Commit graph

44938 commits

Author SHA1 Message Date
Joey Hess
f916ce4b68
allow proxying to remotes that are nodes of clusters
fixes reversion in ca08f3fcc2
2024-06-18 17:02:23 -04:00
Joey Hess
f18740699e
P2P protocol version 2, adding SUCCESS-PLUS and ALREADY-HAVE-PLUS
Client side support for SUCCESS-PLUS and ALREADY-HAVE-PLUS
is complete, when a PUT stores to additional repositories
than the expected on, the location log is updated with the
additional UUIDs that contain the content.

Started implementing PUT fanout to multiple remotes for clusters.
It is untested, and I fear fencepost errors in the relative
offset calculations. And it is missing proxying for the protocol
after DATA.
2024-06-18 16:21:40 -04:00
Joey Hess
ca08f3fcc2
only proxy to a remote when remote.name.annex-proxy is set
Avoids someone writing to proxy.log and gaining access to remotes
of someone else's repository that they were not intended to be able
to proxy to.
2024-06-18 11:43:10 -04:00
Joey Hess
fb0fd78485
only use a remote as a node when git configuration is set
Avoids someone writing to cluster.log and nominating remotes
of someone else's repository as a cluster.
2024-06-18 11:37:38 -04:00
Joey Hess
f049156a03
checkpresent support for clusters
This assumes that the proxy for a cluster has up-to-date location
logs. If it didn't, it might proxy the checkpresent to a node that no
longer has the content, while some other node still does, and so
it would incorrectly appear that the cluster no longer contains the
content.

Since cluster UUIDs are not stored to location logs,
git-annex fsck --fast when claiming to fix a location log when
that occurred would not cause any problems. And presumably the location
tracking would later get sorted out.

At least usually, changes to the content of nodes goes via the proxy,
and it will update its location logs, so they will be accurate. However,
if there were multiple proxies to the same cluster, or nodes were
accessed directly (or via proxy to the node and not the cluster),
the proxy's location log could certainly be wrong.

(The location log access for GET has the same issues.)
2024-06-18 11:16:16 -04:00
Joey Hess
88d9a02f7c
initial, working support for getting from clusters
Currently tends to put all the load on a single node, which will need to
be improved.
2024-06-18 11:01:10 -04:00
Joey Hess
d34326ab76
factor out Annex.Proxy 2024-06-18 10:51:37 -04:00
Joey Hess
f0d6114286
refactor cluster code into own module 2024-06-18 10:36:04 -04:00
Joey Hess
8290f70978
update 2024-06-18 10:08:15 -04:00
Joey Hess
ef26470810
ProxySelector data type 2024-06-17 19:19:15 -04:00
Joey Hess
7a839a983a
preparing for cluster node selection
Support selecting what remote to proxy for each top-level P2P protocol
message.

This only needs to be extended now to support fanout to multiple
nodes for PUT and REMOVE, and with a remote that fails for
LOCKCONTENT and UNLOCKCONTENT.

But a good first step would be to implement CHECKPRESENT and GET for
clusters.
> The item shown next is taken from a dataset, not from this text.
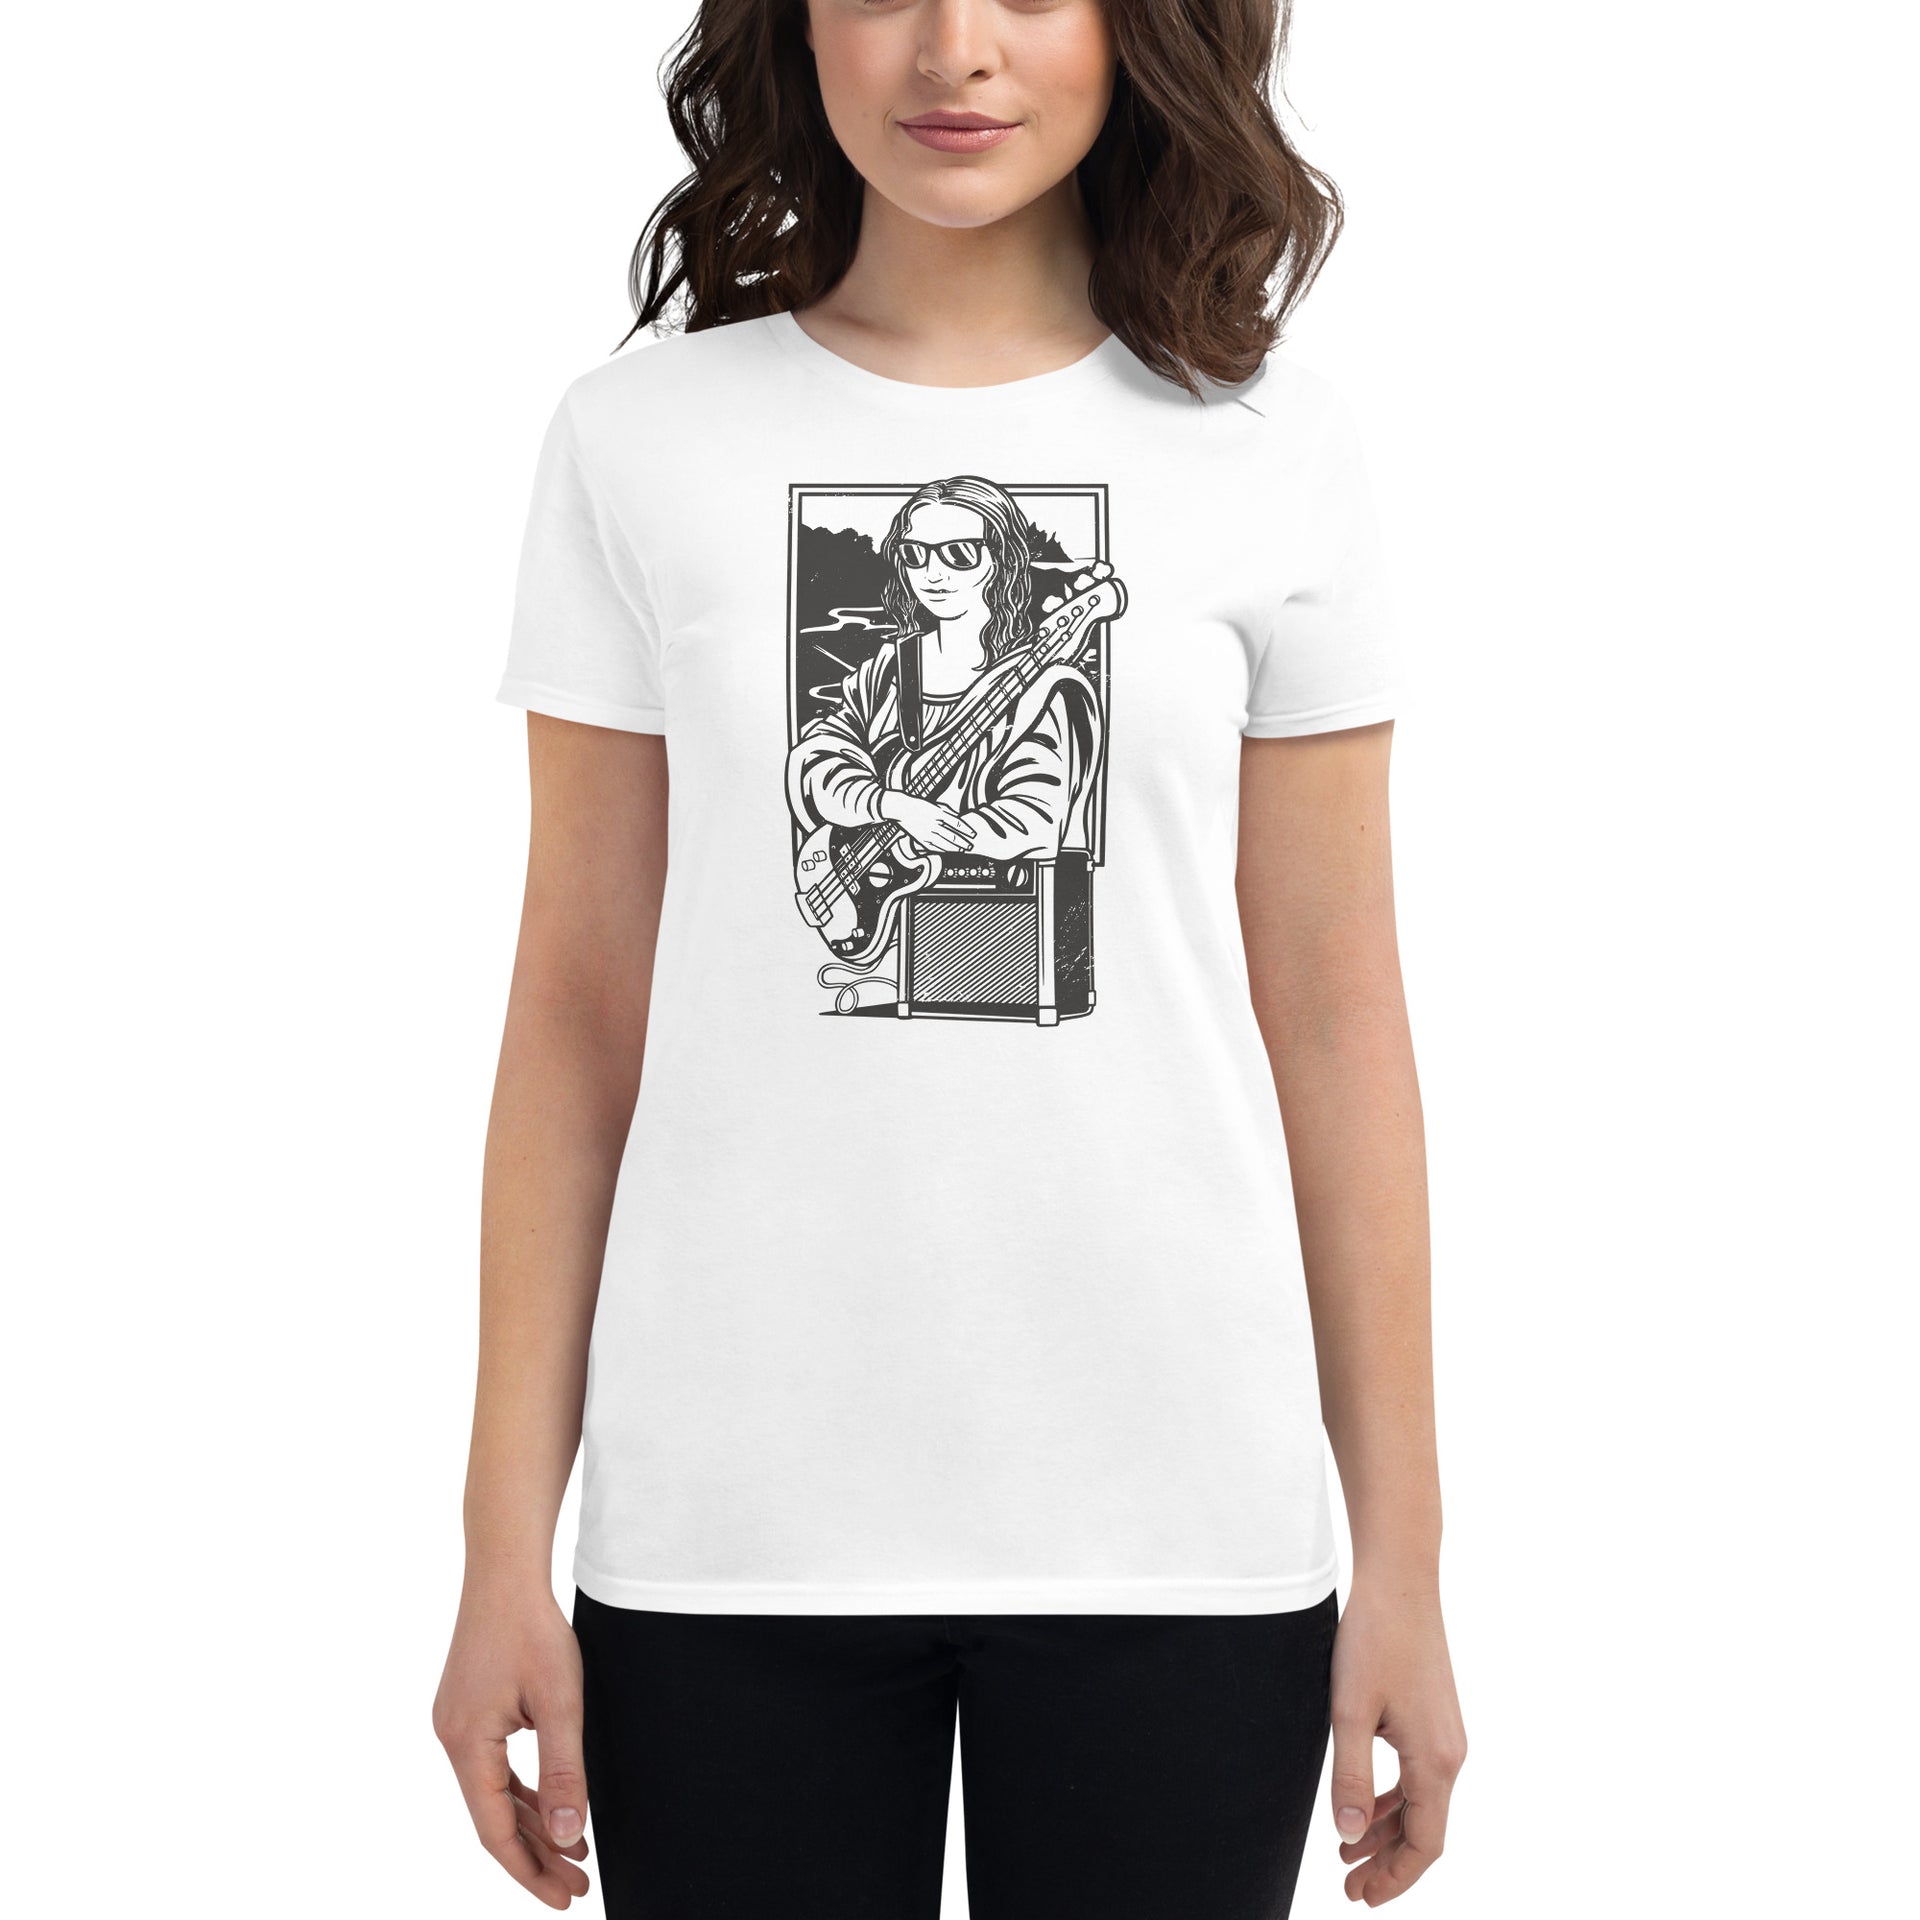 Mona Lisa Electric Guitar Women's T-Shirt

Both should select a node that actually does have the content.
That will allow a cluster to work for GET even when location tracking is
out of date.
2024-06-17 15:51:10 -04:00
Joey Hess
291280ced2
started on git-annex-shell cluster support
Works down to P2P protocol.

The question now is, how to handle protocol version negotiation for
clusters? Connecting to each node to find their protocol versions and
using the lowest would be too expensive with a lot of nodes. So it seems
that the cluster needs to pick its own protocol version to use with the
client.

Then it can either negotiate that same version with the nodes when
it comes time to use them, or it can translate between multiple protocol
versions. That seems complicated. Thinking it would be ok to refuse to
use a node if it is not able to negotiate the same protocol version with
it as with the client. That will mean that sometimes need nodes to be
upgraded when upgrading the cluster's proxy. But protocol versions
rarely change.
2024-06-17 15:10:04 -04:00
Joey Hess
c7ad44e4d1
work toward supporting proxying to multiple remotes at once
For eg, upload fanout.

Delay connecting to a remote until it's needed. When there are many
proxied remotes, it would not do for the proxy to connect to each of
them on startup; that could take a long time.
2024-06-17 14:16:44 -04:00
Joey Hess
83a1db8d17
more specific type 2024-06-17 13:04:40 -04:00
Joey Hess
b72ccc6f0c
improve types 2024-06-17 12:44:08 -04:00
Joey Hess
e2fd2ee2bd
update 2024-06-17 09:31:44 -04:00
Joey Hess
3970bbb03b
Merge branch 'master' into proxy 2024-06-17 09:29:34 -04:00
Joey Hess
af79728ac3
tab complete special remotes
An oversight..

And with the work in progress proxy and cluster, there
can be additional remotes that are not listed in .git/config, but are
available. Making those more discoverable is another big benefit of
this.
2024-06-17 09:26:03 -04:00
Joey Hess
64afbb0b93
don't count clusters as copies, continued
Handled limitCopies, as well as everything using fromNumCopies and
fromMinCopies.

This should be everything, probably.

Note that, git-annex info displays a count of repositories, which still
includes cluster. I think that's ok. It would be possible to filter out
clusters there, but to the user they're pretty much just another
repository. The numcopies displayed by eg `git-annex info .` does not
include clusters.
2024-06-16 15:14:53 -04:00
Joey Hess
780367200b
remove dead nodes when loading the cluster log
This is to avoid inserting a cluster uuid into the location log when
only dead nodes in the cluster contain the content of a key.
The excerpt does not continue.